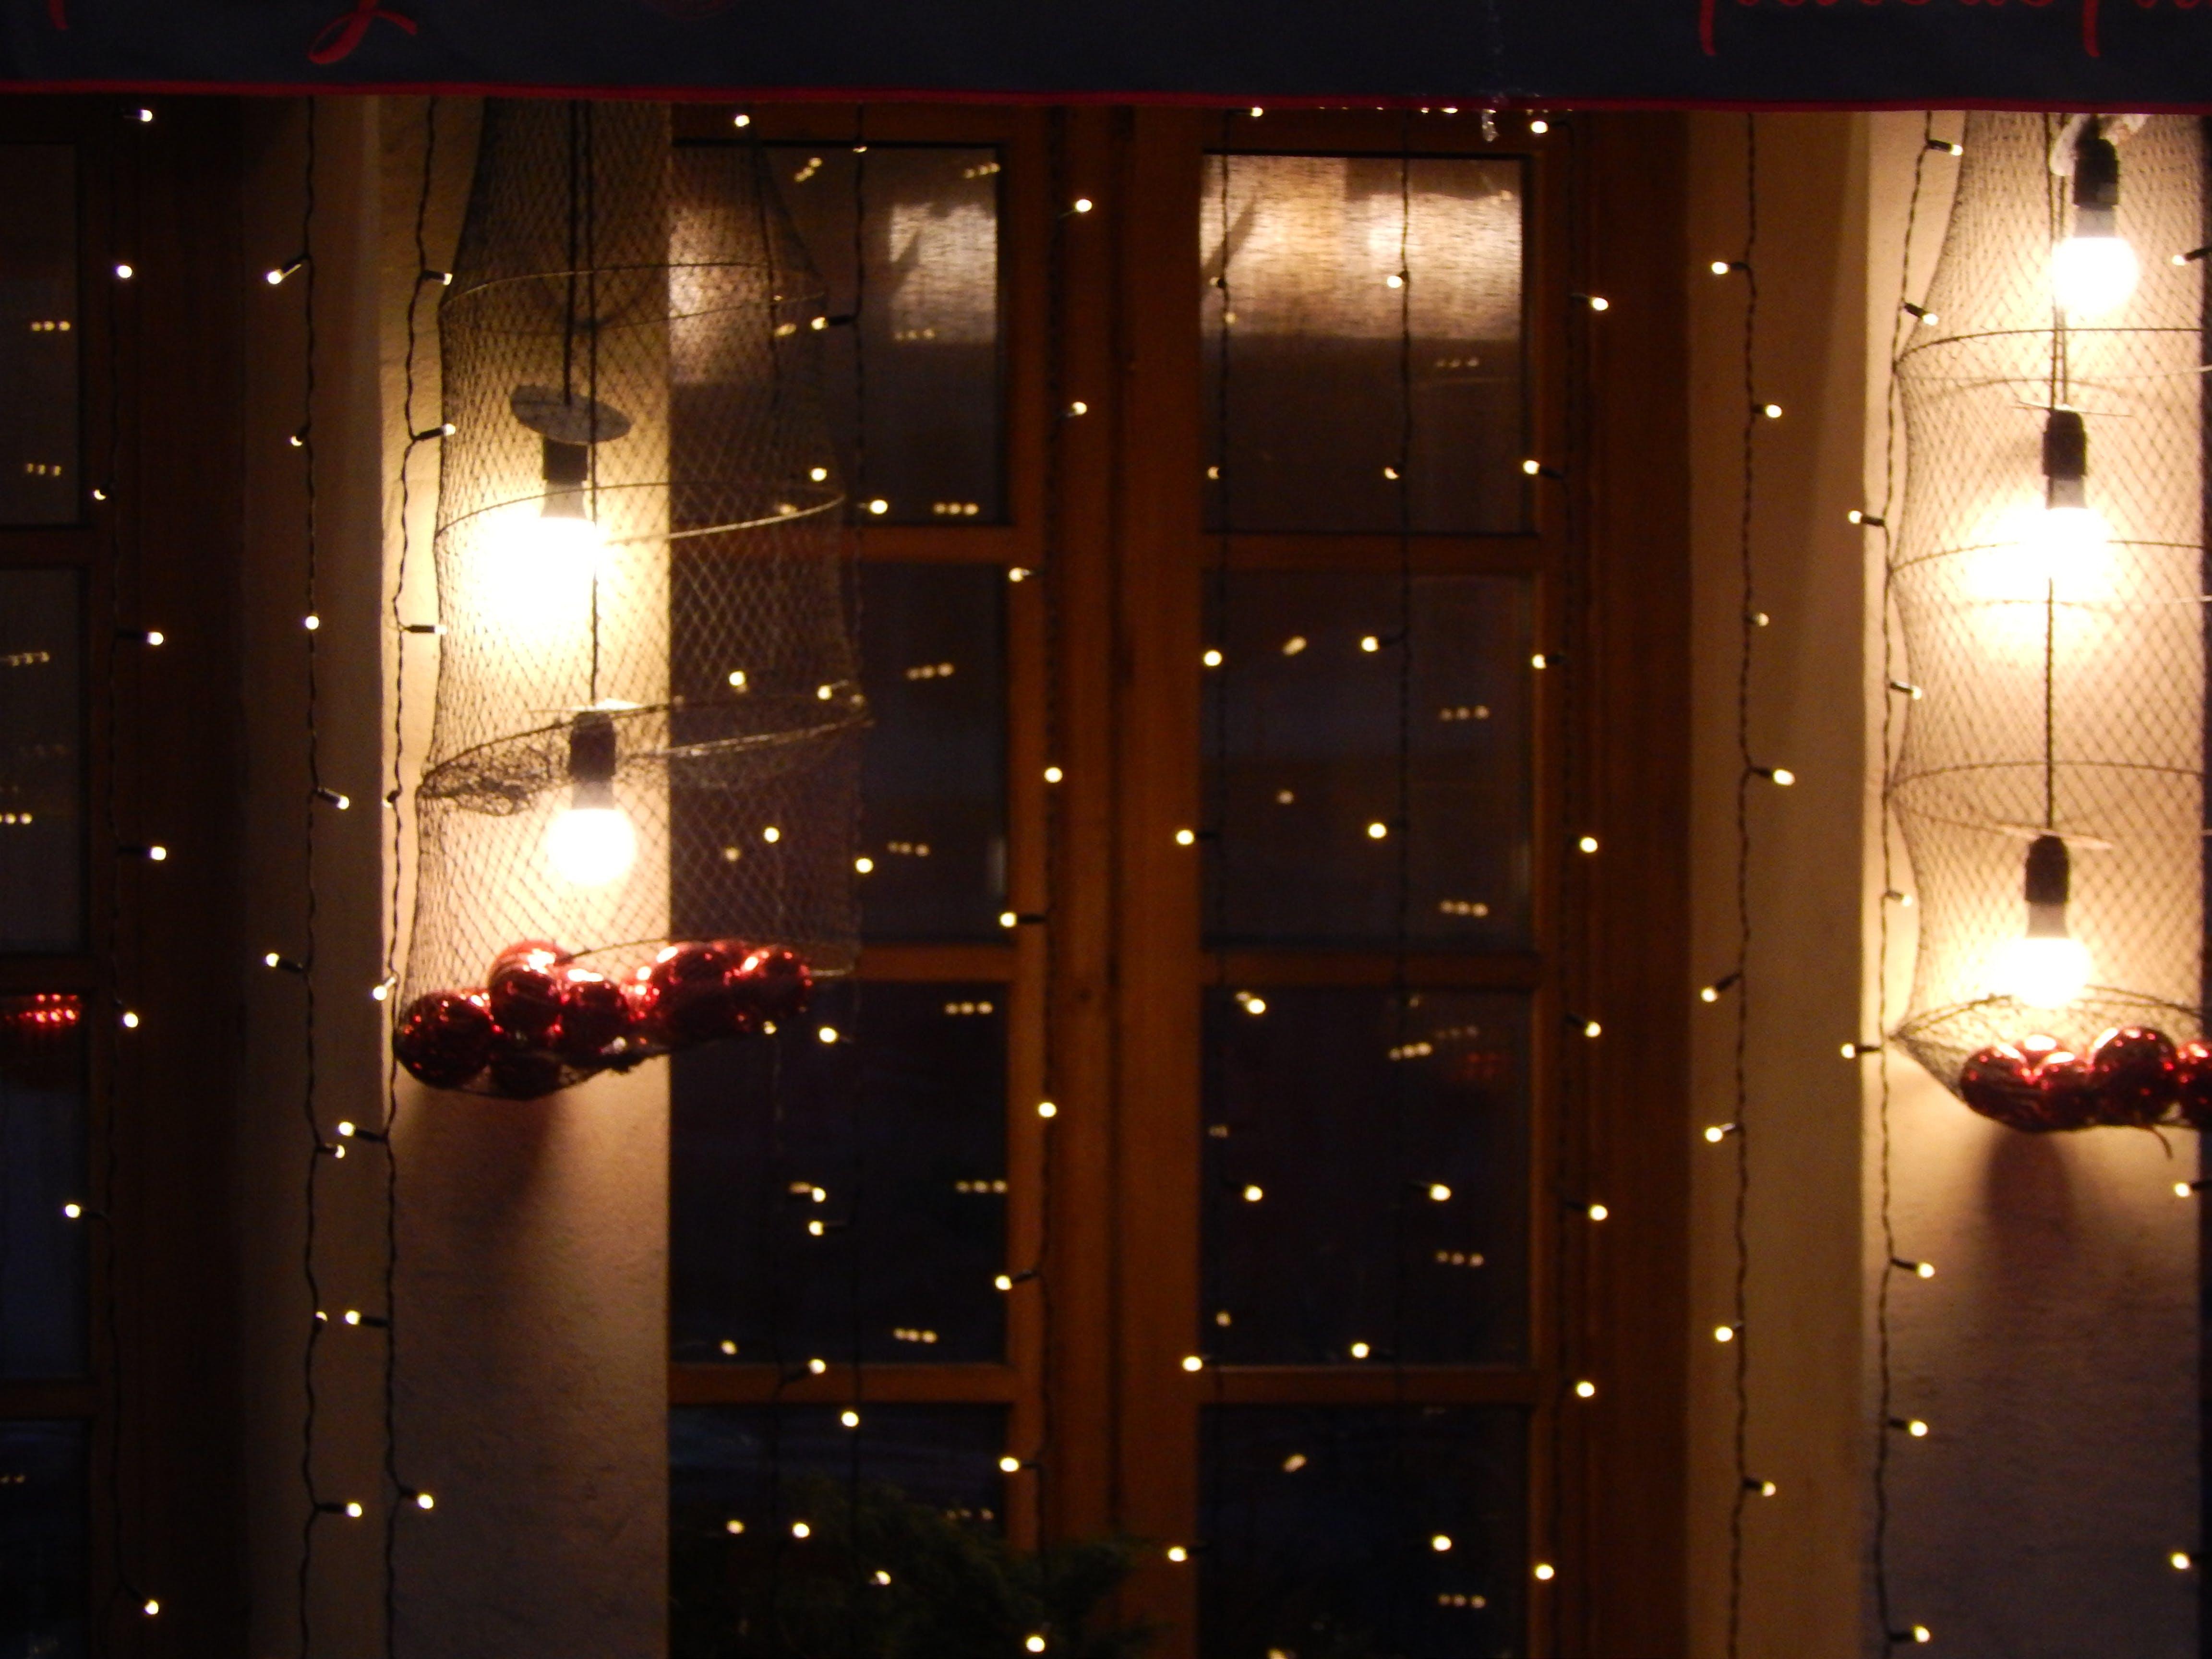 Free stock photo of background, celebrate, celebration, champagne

...

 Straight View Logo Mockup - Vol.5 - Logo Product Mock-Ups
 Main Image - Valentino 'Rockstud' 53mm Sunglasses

## AIM OF THE TASK
The required answer is the exact run of lines above starting at the line with "Straight View Logo" and ending at the line with "Main Image - Valentino", with both ends present.

## THE ANSWER
 Straight View Logo Mockup - Vol.5 - Logo Product Mock-Ups
 Main Image - Valentino 'Rockstud' 53mm Sunglasses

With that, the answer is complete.